L’industrie agroalimentaire est généralement décrite comme une industrie mature et à croissance lente qui affiche un niveau relativement faible d’investissement en R&D. Elle demeure assez conservatrice dans la nature des innovations qu’elle introduit sur le marché. Cette industrie considère que ses clients finaux se méfient des produits radicalement nouveaux et des changements dans les modes de consommation. Cette méfiance perçue, associée à la rigueur nécessaire des exigences légales en matière de sécurité, transforme l’innovation agroalimentaire en un processus complexe, long et risqué qui ne doit donc pas être conduit à la légère. Toutefois, les changements importants intervenus récemment dans la nature de l’offre et de la demande alimentaires, couplés à un niveau de compétitivité toujours plus élevé, ont rendu l’innovation non seulement inévitable, mais aussi de plus en plus vitale pour la rentabilité de l’ensemble de l’industrie agroalimentaire.
Les consommateurs contemporains réclament des saveurs uniques, des aliments singuliers, une alimentation pratique et sans culpabilité, et un régime alimentaire de plus en plus adapté à leurs besoins et leurs valeurs. Une telle demande nécessite le développement de produits qui implique nécessairement la création et/ou l’adoption de solutions technologiques innovantes ainsi que de nouveaux business modèles. Par ailleurs, les avancées récentes dans des domaines tels que la biotechnologie, la nanotechnologie et la technologie de conservation offrent un nombre sans précédent de possibilités d’applications à valeur ajoutée dans l’industrie alimentaire, dont beaucoup ont la capacité de répondre adéquatement à la demande moderne des consommateurs.
Aussi inévitable qu’elle puisse l’être, l’innovation reste un processus complexe et difficile à gérer pour l’industrie agroalimentaire. Le nombre et la diversité des acteurs impliqués dans la production alimentaire, ainsi que leurs difficultés à satisfaire eux seuls les exigences hétérogènes (et parfois contradictoires) des clients intermédiaires, des consommateurs et des législateurs, nécessite que les activités de coopération doivent être soigneusement coordonnées. Ceci implique de gérer les processus d’innovation à la fois en interne et à travers des relations coopératives avec des partenaires externes tout au long de la chaîne de valeur. Par exemple, un bon nombre de technologies émergentes pouvant potentiellement soutenir (ou compléter) une vague de nouvelles applications alimentaires réussies (on peut penser aux nanotechnologies) sont développées en dehors de l’industrie agroalimentaire. Afin de tirer parti de ces processus d’innovation ouverte, les acteurs de l’industrie agroalimentaire doivent donc conclure des accords plus ou moins formels avec d’autres entités du système d’innovation. Des accords formels sont également requis pour l’adoption de nouvelles technologies développées en externe. Enfin et surtout, l’établissement de relations étroites avec les organismes de réglementation, les intermédiaires et les utilisateurs finaux tout au long du processus d’innovation, est essentiel pour améliorer l’acceptation par le public des technologies alimentaires émergentes et le succès commercial de leurs produits.

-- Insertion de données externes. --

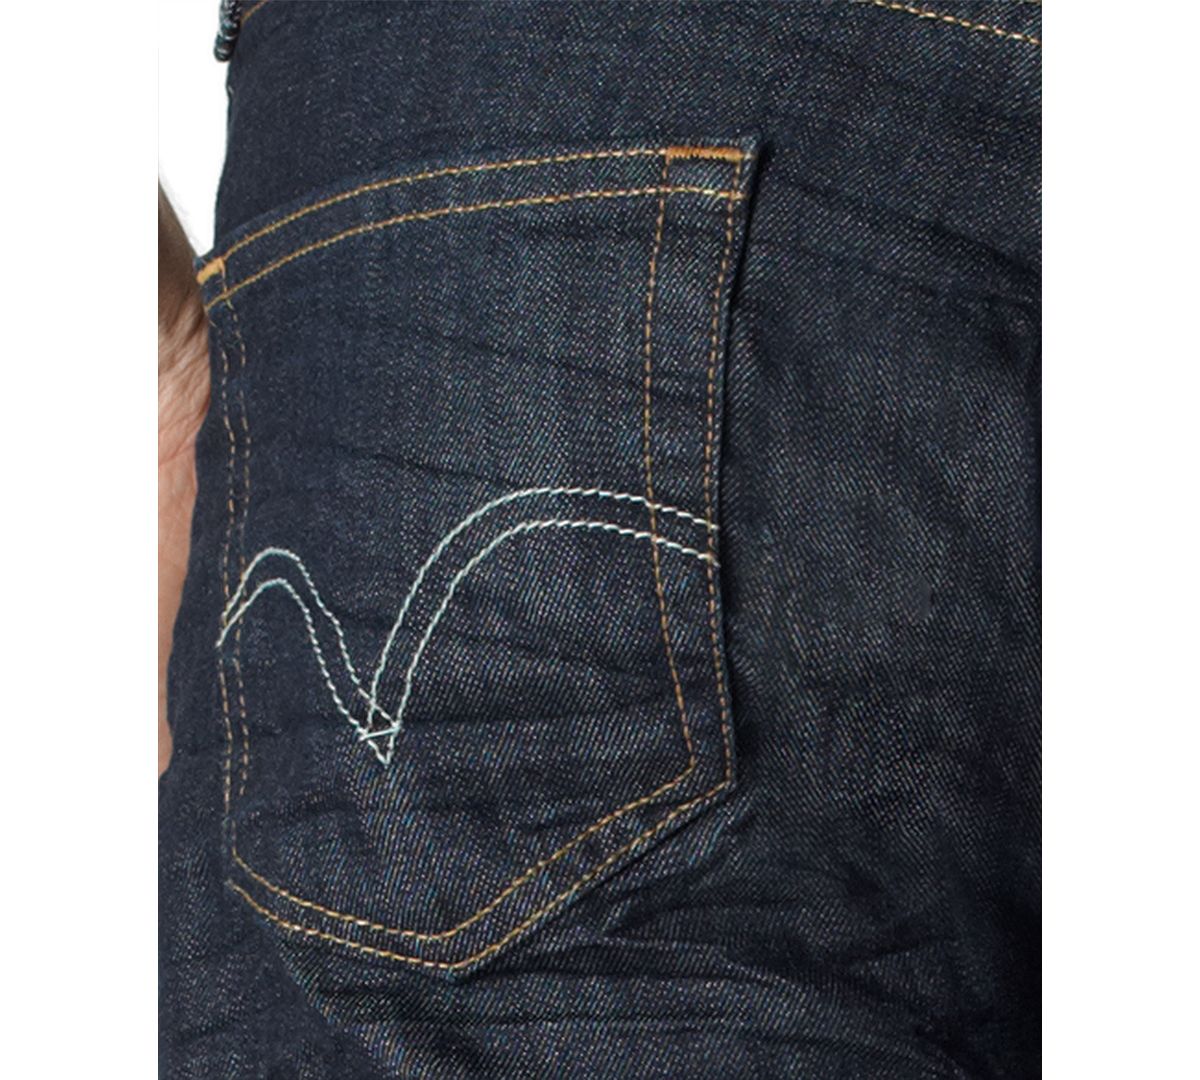 Levi's 501 Original Fit Jeans Dimensional Rigid - Waterless

En somme, l’innovation dans l’industrie agroalimentaire dépendra de plus en plus des décisions et activités des autres entités du système d’innovation. Il est donc essentiel que les acteurs du secteur comprennent ces tendances, identifient les opportunités qu’elles présentent et développent des relations de coopération appropriées à l’intérieur et à l’extérieur de l’industrie traditionnelle des produits agroalimentaires pour créer de nouvelles sources de revenus. En raison de la nature transdisciplinaire des défis auxquels fait face le secteur de l’agroalimentaire, l’innovation ouverte est une démarche cruciale pour y parvenir.